ImportError: dlopen(/Users/lilidworkin/anaconda3/lib/python3.7/site-packages/torchvision/_C.cpython-37m-darwin.so, 2): Symbol not found: __ZN2at19NonVariableTypeMode10is_enabledEv
  Referenced from: /Users/lilidworkin/anaconda3/lib/python3.7/site-packages/torchvision/_C.cpython-37m-darwin.so
  Expected in: flat namespace
 in /Users/lilidworkin/anaconda3/lib/python3.7/site-packages/torchvision/_C.cpython-37m-darwin.so

In [2]:
torch.manual_seed(12345)
dtype = torch.float
device = torch.device("cuda" if torch.cuda.is_available() else "cpu")

## 1. Load MNIST data
First, we need to load the MNIST data and partition it into training, validation, and test sets.
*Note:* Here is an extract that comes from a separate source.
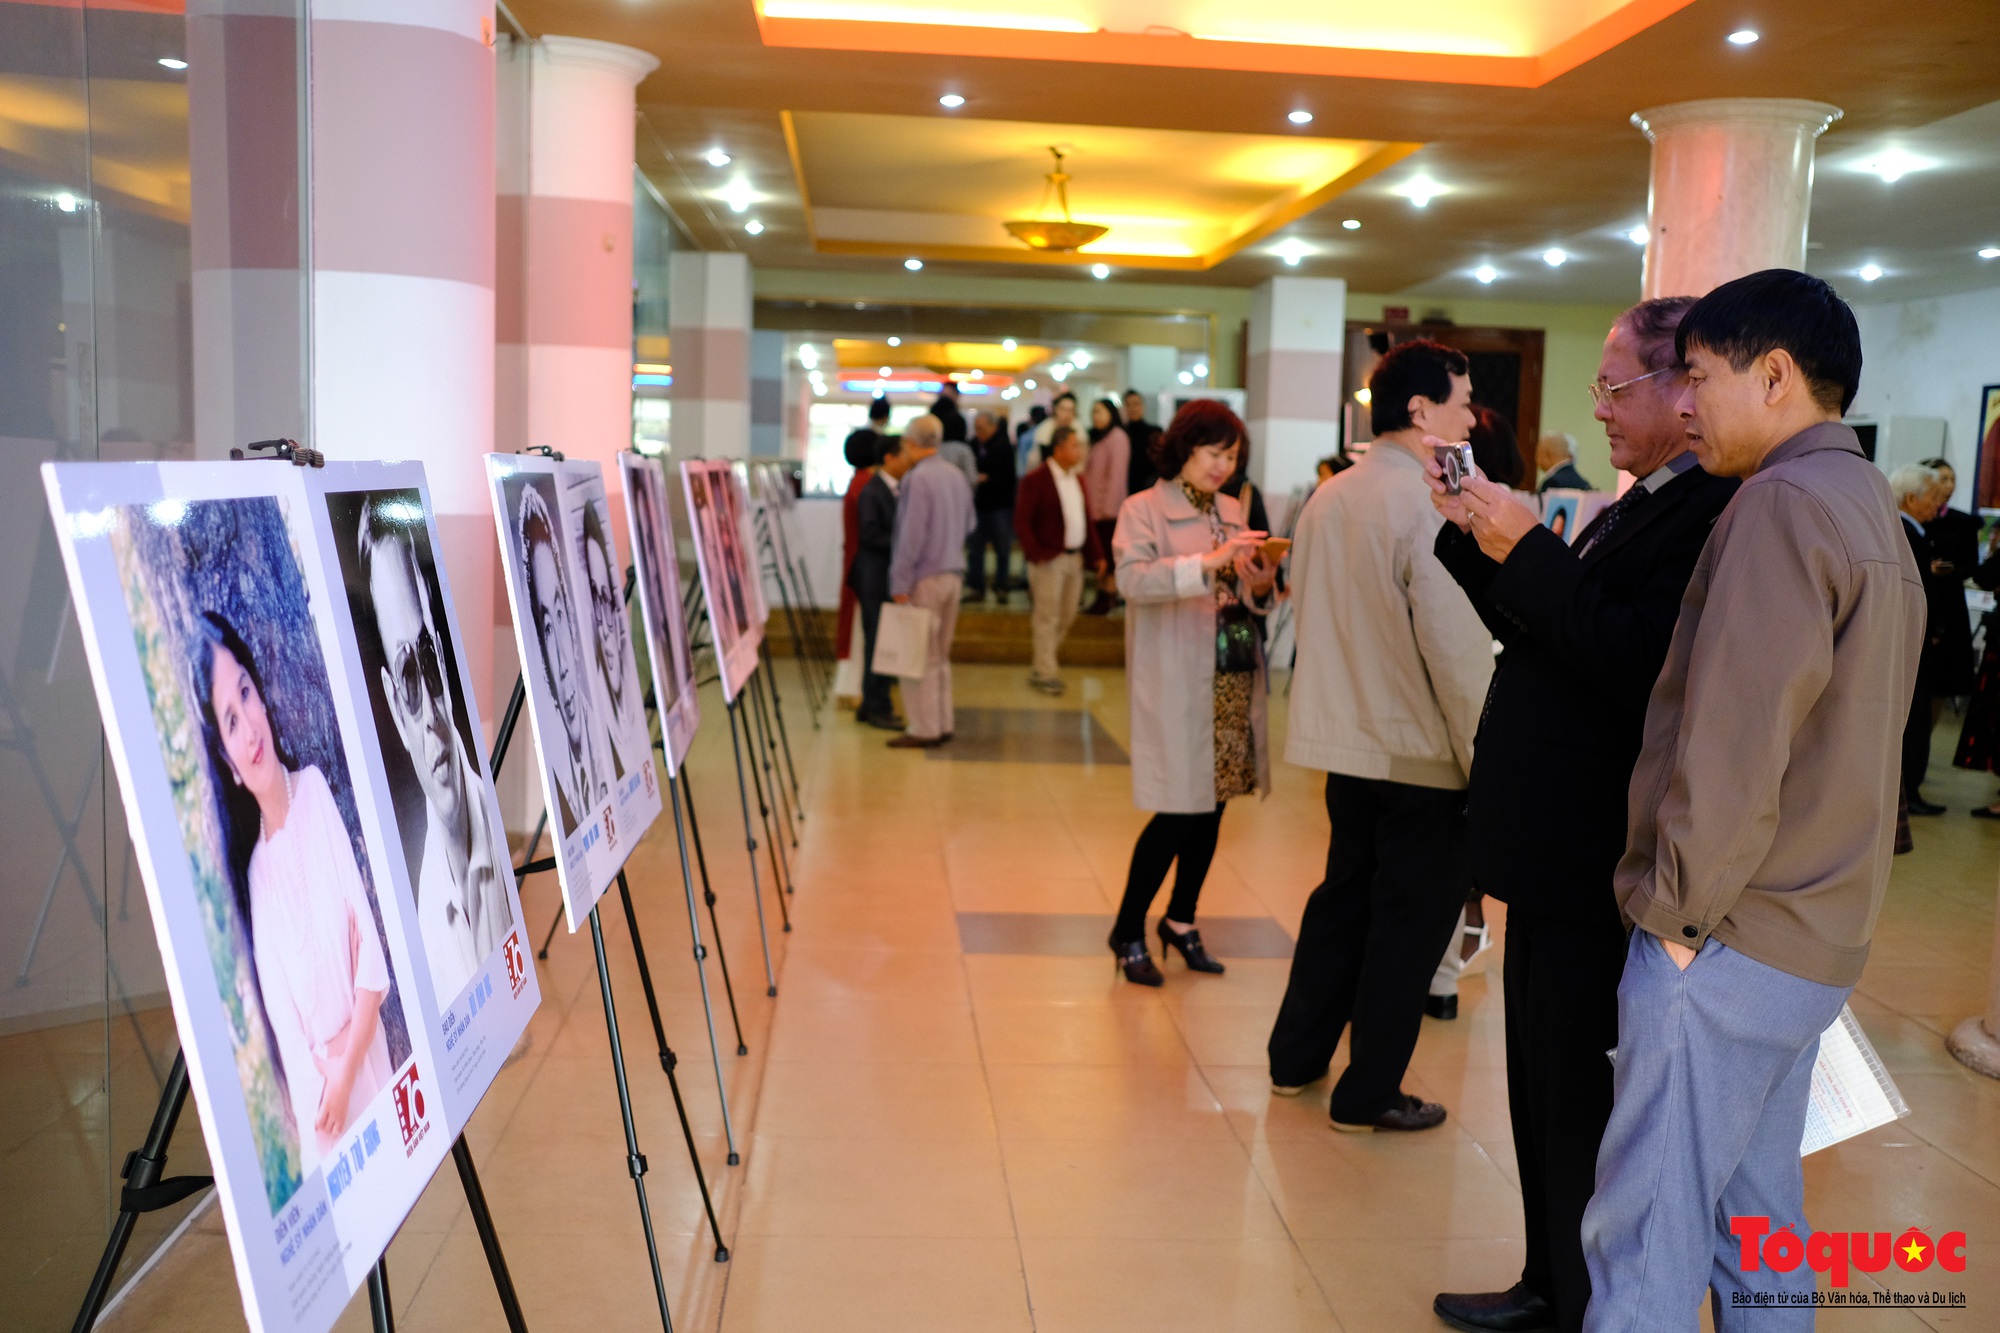 Hơn 200 tư liệu, hiện vật quý được trưng bày kỷ niệm 70 năm Điện ảnh Cách mạng Việt Nam - Ảnh 12.

Note: this will download the dataset if necessary.

In [None]:
BATCH_SIZE = 512
train_loader, valid_loader, test_loader = load_mnist(batch_size=BATCH_SIZE)

## 2. Define function to optimize
In this tutorial, we want to optimize classification accuracy on the validation set as a function of the learning rate and momentum. The function takes in a parameterization (set of parameter values), computes the classification accuracy, and returns a dictionary of metric name ('accuracy') to a tuple with the mean and standard error.

In [6]:
def train_evaluate(parameterization):
    net = CNN()
    net = train(net=net, train_loader=train_loader, parameters=parameterization, dtype=dtype, device=device)
    return evaluate(
        net=net,
        data_loader=valid_loader,
        dtype=dtype,
        device=device,
    )

## 3. Run the optimization loop
Here, we set the bounds on the learning rate and momentum and set the parameter space for the learning rate to be on a log scale. 

In [7]:
best_parameters, values, experiment, model = optimize(
    parameters=[
        {"name": "lr", "type": "range", "bounds": [1e-6, 0.4], "log_scale": True},
        {"name": "momentum", "type": "range", "bounds": [0.0, 1.0]},
    ],
    evaluation_function=train_evaluate,
    objective_name='accuracy',
)

[INFO 08-09 10:32:05] ax.service.utils.dispatch: Using Bayesian Optimization generation strategy. Iterations after 5 will take longer to generate due to model-fitting.
[INFO 08-09 10:32:05] ax.service.managed_loop: Started full optimization with 20 steps.
[INFO 08-09 10:32:05] ax.service.managed_loop: Running optimization trial 1...
[INFO 08-09 10:32:40] ax.service.managed_loop: Running optimization trial 2...
[INFO 08-09 10:33:03] ax.service.managed_loop: Running optimization trial 3...
[INFO 08-09 10:33:26] ax.service.managed_loop: Running optimization trial 4...
[INFO 08-09 10:33:50] ax.service.managed_loop: Running optimization trial 5...
[INFO 08-09 10:34:13] ax.service.managed_loop: Running optimization trial 6...
[INFO 08-09 10:34:41] ax.service.managed_loop: Running optimization trial 7...
[INFO 08-09 10:35:11] ax.service.managed_loop: Running optimization trial 8...
[INFO 08-09 10:35:48] ax.service.managed_loop: Running optimization trial 9...
[INFO 08-09 10:36:26] ax.service.

We can introspect the optimal parameters and their outcomes:

In [8]:
best_parameters

{'lr': 0.0006307873441197164, 'momentum': 0.39064412336820153}

In [9]:
means, covariances = values
means, covariances

({'accuracy': 0.9366666468920226},
 {'accuracy': {'accuracy': 6.466514231853397e-09}})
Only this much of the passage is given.